Ferit Şahenk (, born 1964) is the Chairman of Turkey's Doğuş Group and one of the richest people in Turkey.

Background
Şahenk graduated from The American School in Switzerland (TASIS) and earned his B.A. from Boston College with a degree in Marketing and Human Resources in 1989. After graduation, Şahenk returned to Istanbul, where his father, Ayhan Şahenk (1929–2001), sent him to apprentice at Doğuş' Garanti Bank. After eight years he moved to the holding company, and beginning in 1998, he has acquired two food retail chains and operated NTV by funding the expansion by selling part of the group's Garanti Bank to the public.

Understanding that top talent is essential to running a diverse group, he also created a recruitment division, Humanitas.
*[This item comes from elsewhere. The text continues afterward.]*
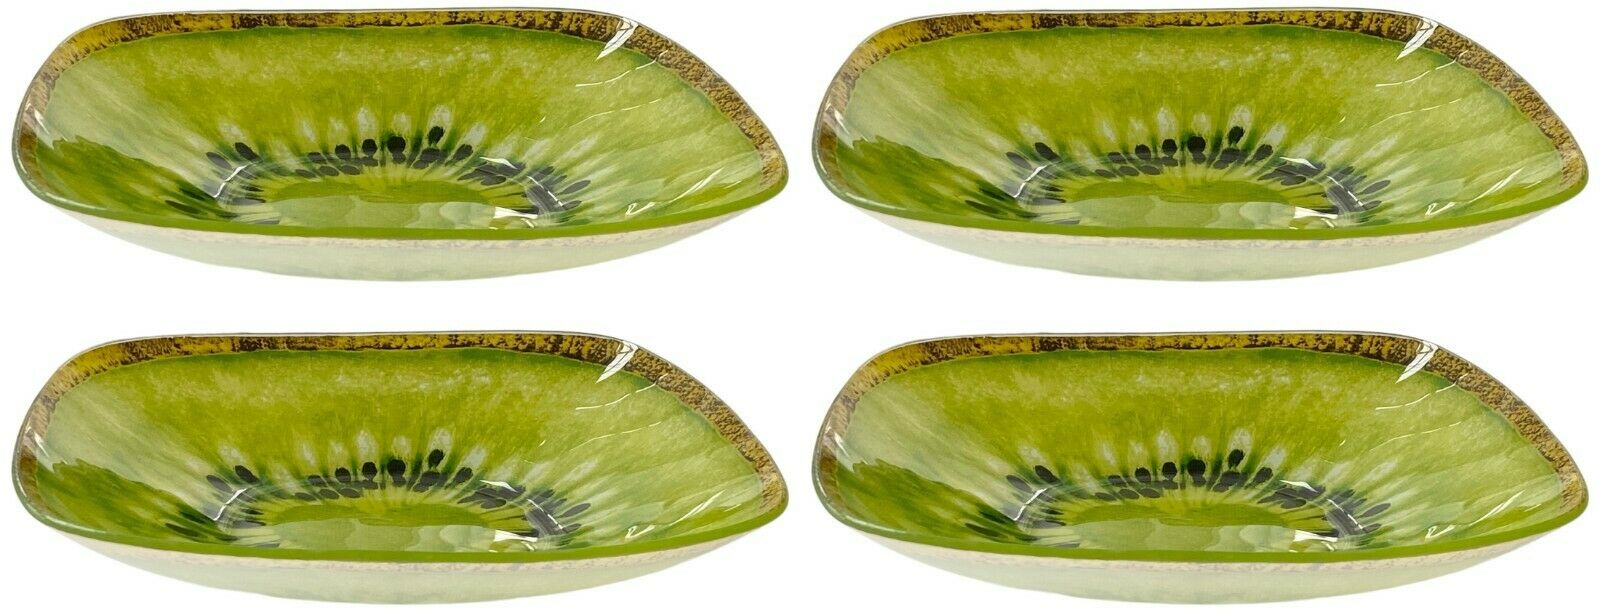 Set Of 4 Large Glass Bowls Bright Coloured Kiwi 19cm Desert Bowls Soup Bowls

Revenues for 1999 at privately held Doğuş Group hit $5.7 billion. In May 2000, he instituted centralized back-office operations for Doğuş' multiple banks and is doing the same for its auto dealerships. To its banking business, Şahenk added leasing, insurance and cashback reward schemes like those of Discover Card in the United States – financial services still uncommon in Turkey at the time.
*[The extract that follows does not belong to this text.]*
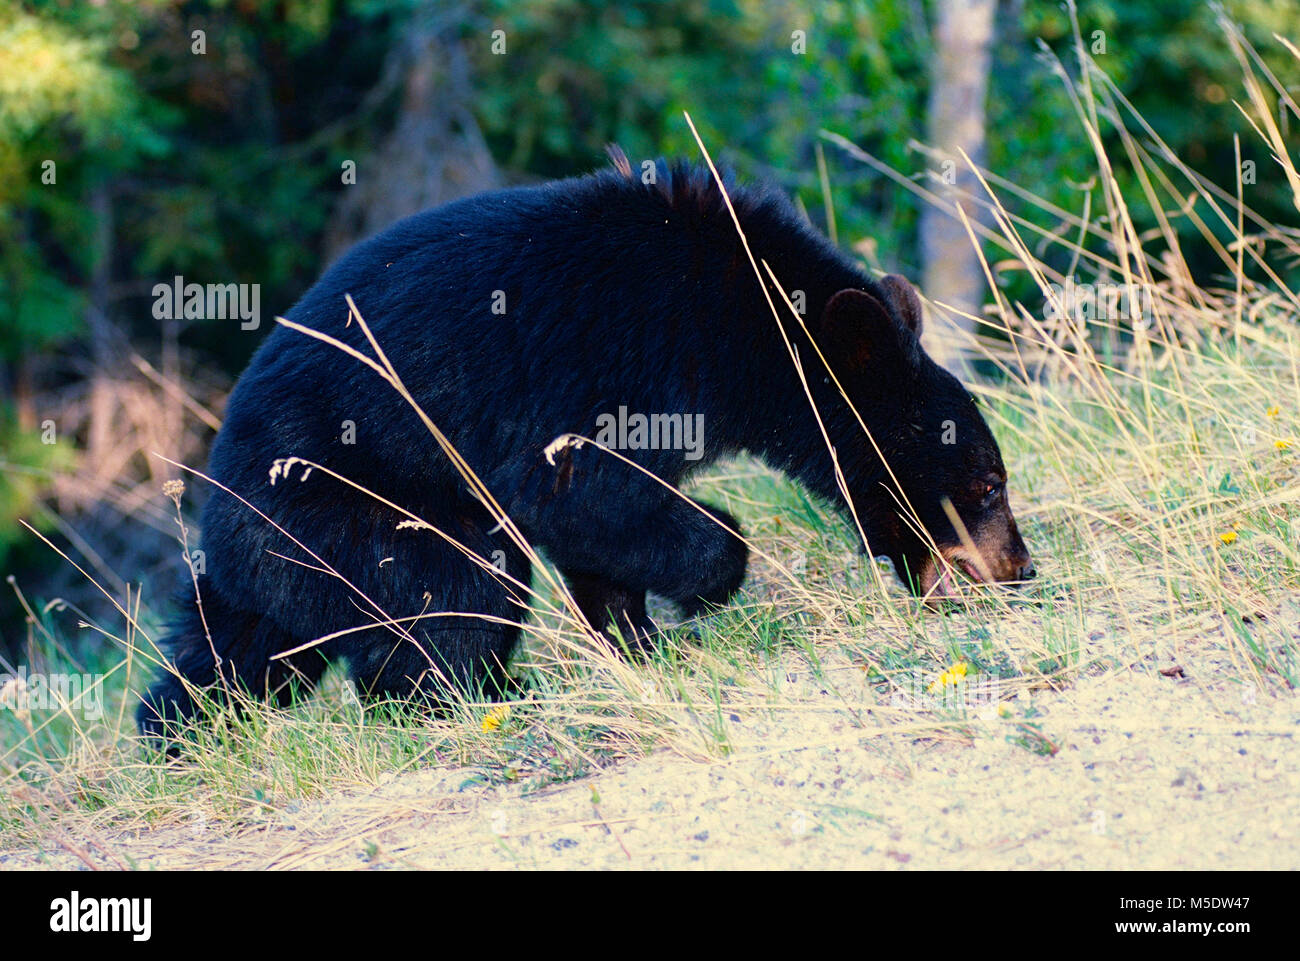 Oso Negro Ursus americanus, Ursidae, Oso, navegación, mamífero, animal, el Parque Nacional de Jasper, Alberta, Canadá Foto de stock

Ferit is married to Diane Sahenk and they have a daughter named Defne. Also his cousin Melis Şahenk is a designer.

Ferit donated 3 million CHF to his alma mater The American School in Switzerland (TASIS) in order to help creating the Ferit Sahenk Fine Arts Center.

The new head of Doğuş Holdings
He attended the Owner/President Program at Harvard University. At the age of 37, Şahenk took over his father's Doğuş (pronounced DOUGH-oosh, literally "birth" in Turkish) Holding after Ayhan Şahenk died of a heart attack in April 2001.

The net worth of the Şahenk conglomerate is around US$ 2.5 billion, with a turnover for 2005 of US$6 billion, employing about 18,000 people. He relinquished some control of the Garanti Bank, selling a quarter of the country's third largest bank to General Electric for $1.6 billion in 2004, which was regarded as an important step towards greater liberalization in the Turkish banking sector, which had been severely affected by the 2001 economic crisis.  He also runs Turkish media properties capturing more than 10 per cent of country's advertising market. The flattering of the government and Turkish PM with his  media company has been widely criticized and protested against by Turkish citizens. Bankrolled Gallipoli, a film about the Turkish military battle against the Allied offensive. On 28 January 2006 Şahenk held a reception during the World Economic Forum meeting in Davos, Switzerland.
In May 2006, Şahenk was elected Chairman of the Executive Board of the Turkish-U.S. Business Council, a Turkish business group that promotes trade and business relationships between the two countries.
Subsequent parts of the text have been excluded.